● Work item
Strip out all images, then restate the data verbatim.

● Data block

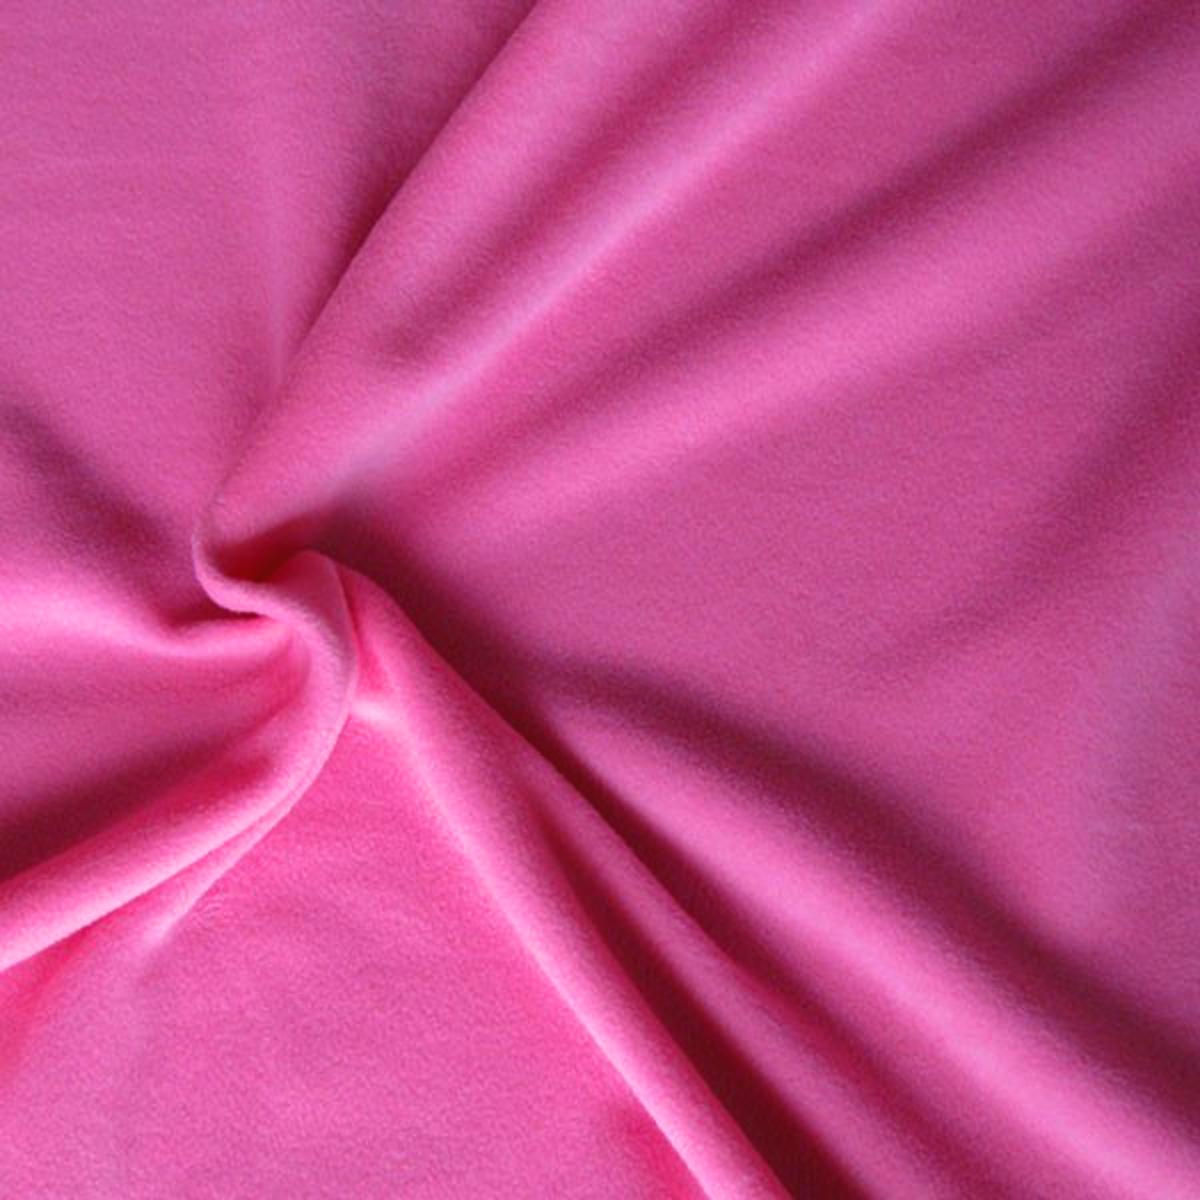 polar fleece stoffe fleece meterware antipilling pink alle stoffe stoffe uni fleece. Black Bedroom Furniture Sets. Home Design Ideas
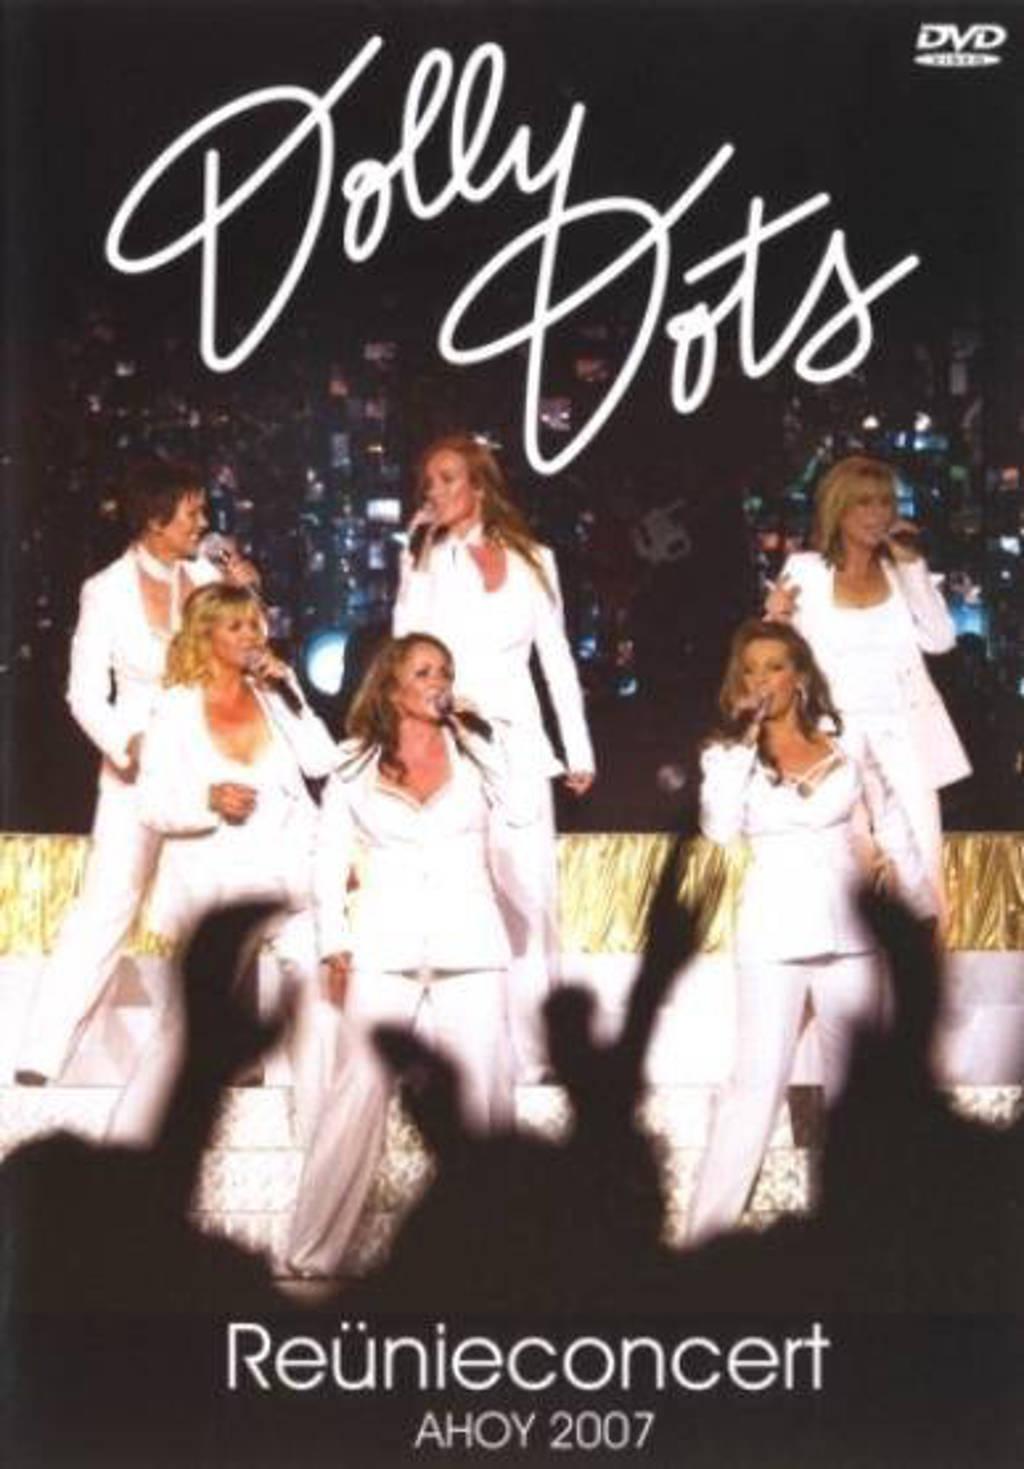 Dolly Dots - Reunie concert 2007 (DVD)
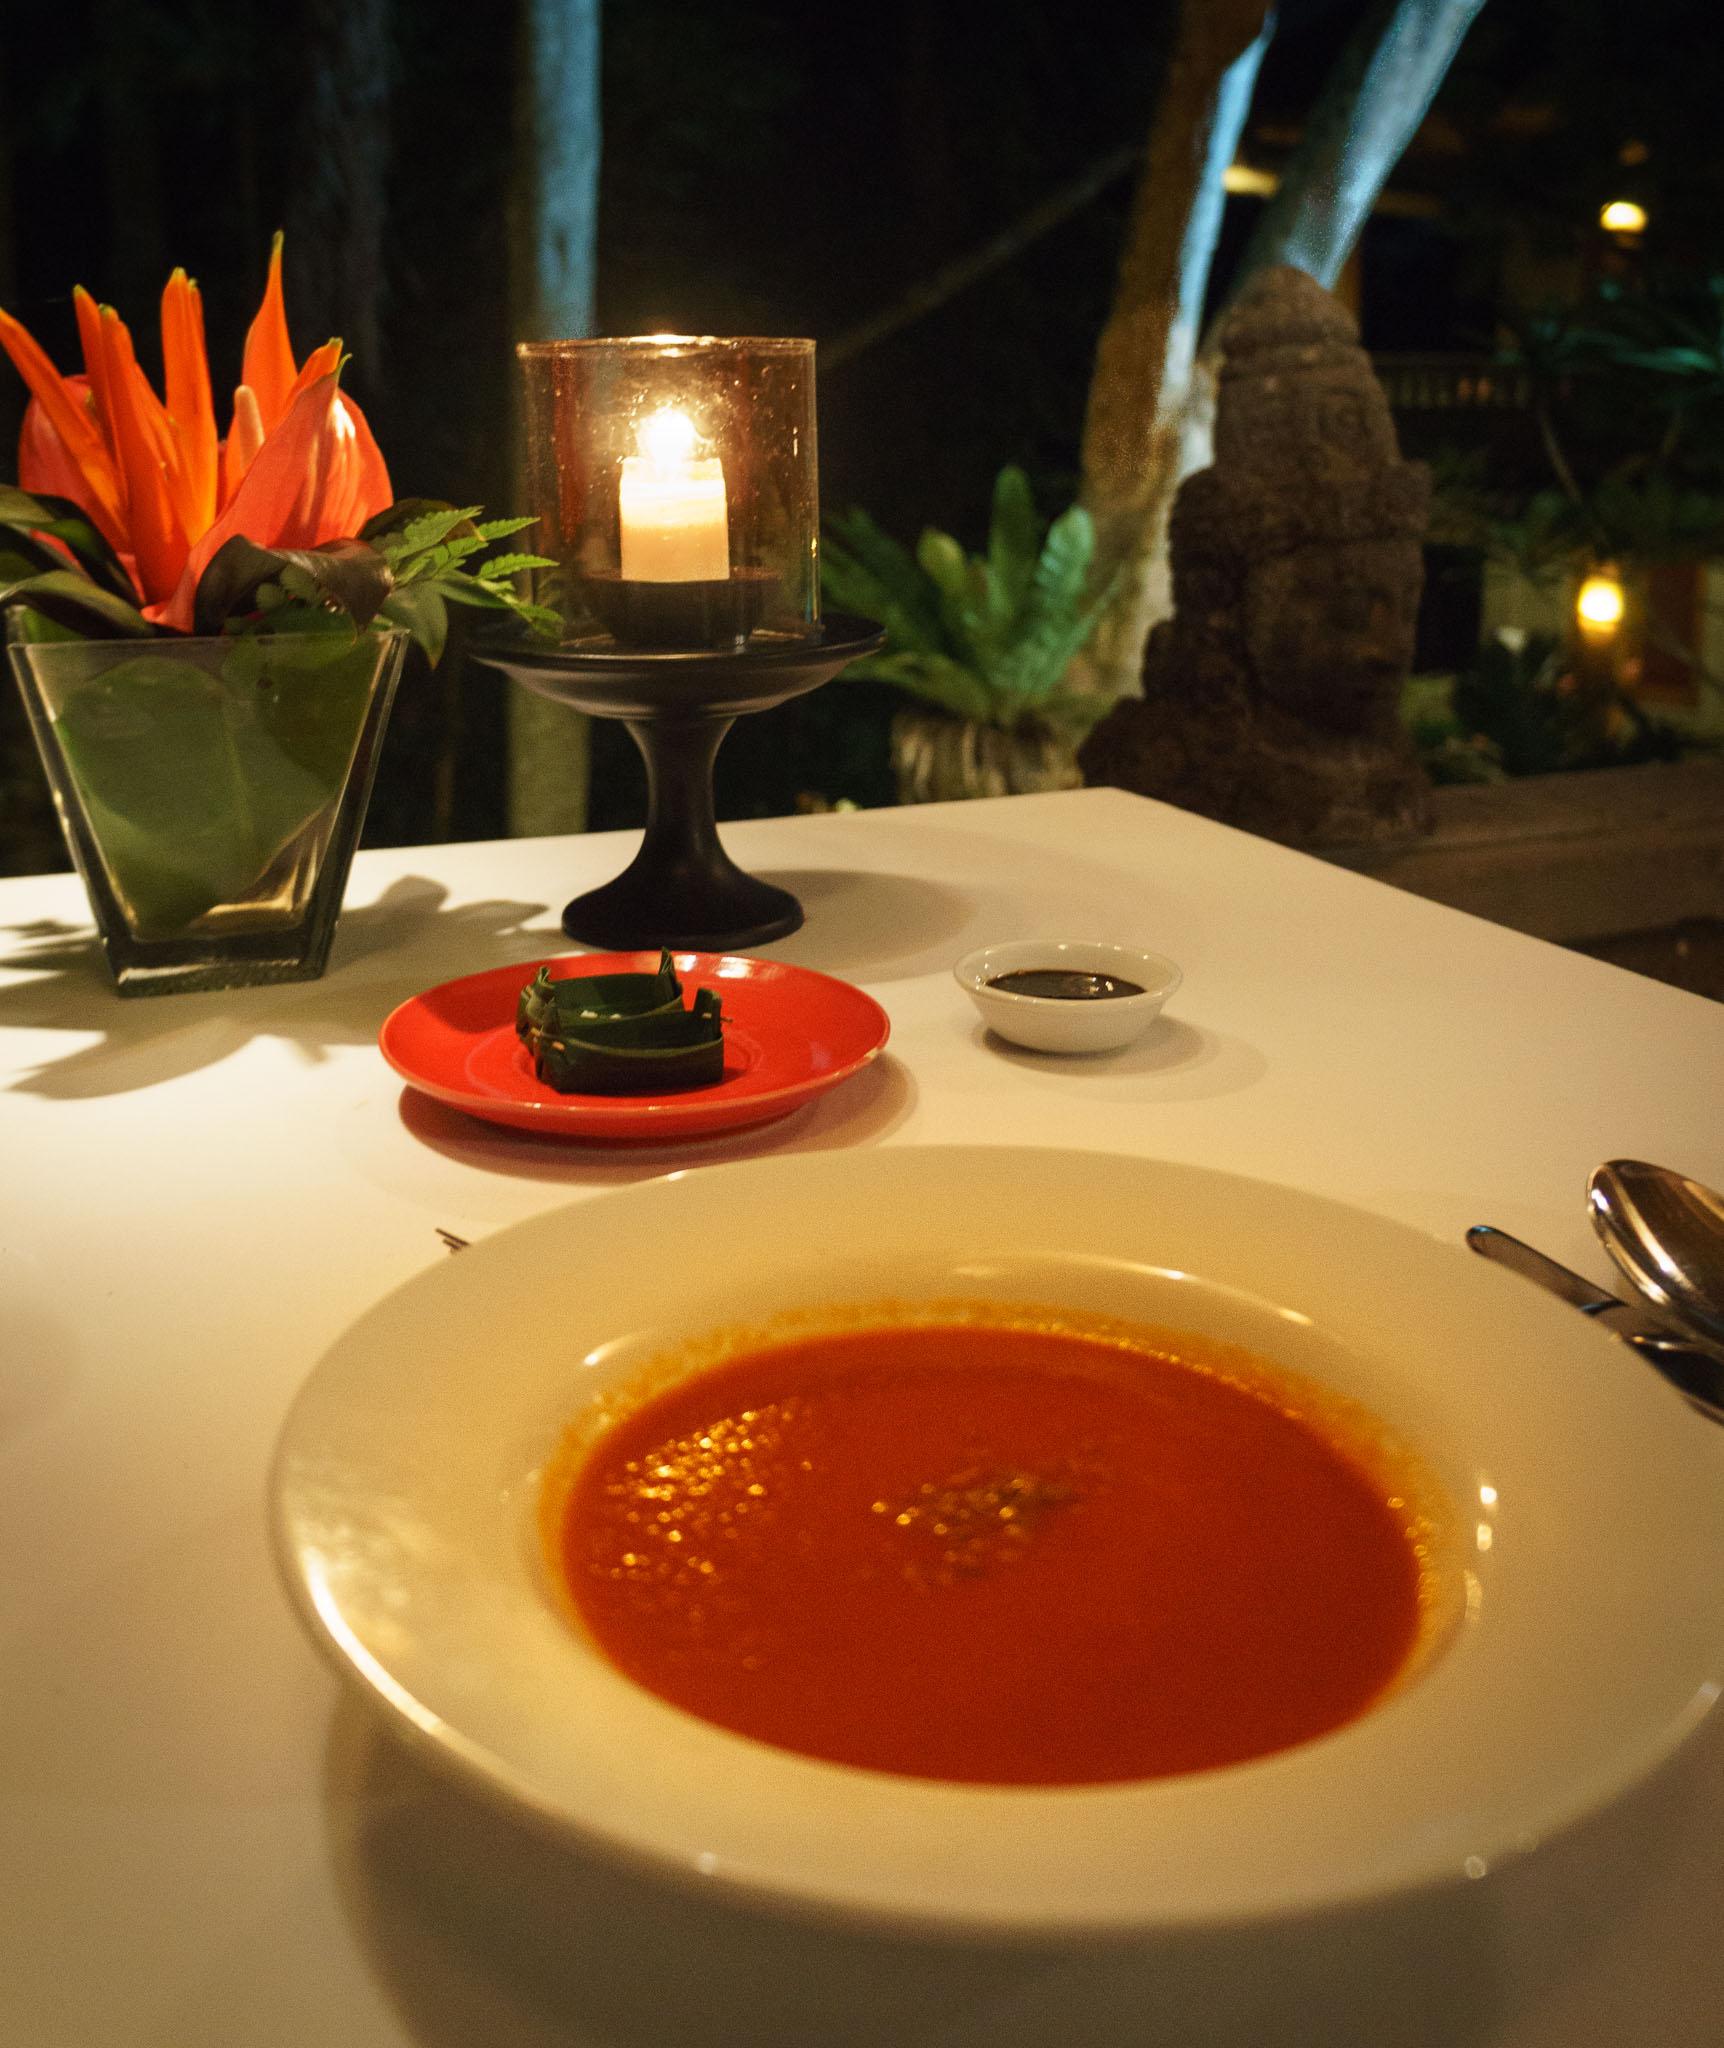 Dinner Soup One World Retreats Ubud Bali

● Result
 polar fleece stoffe fleece meterware antipilling pink alle stoffe stoffe uni fleece. Black Bedroom Furniture Sets. Home Design Ideas
 Dolly Dots - Reunie concert 2007 (DVD)
 Dinner Soup One World Retreats Ubud Bali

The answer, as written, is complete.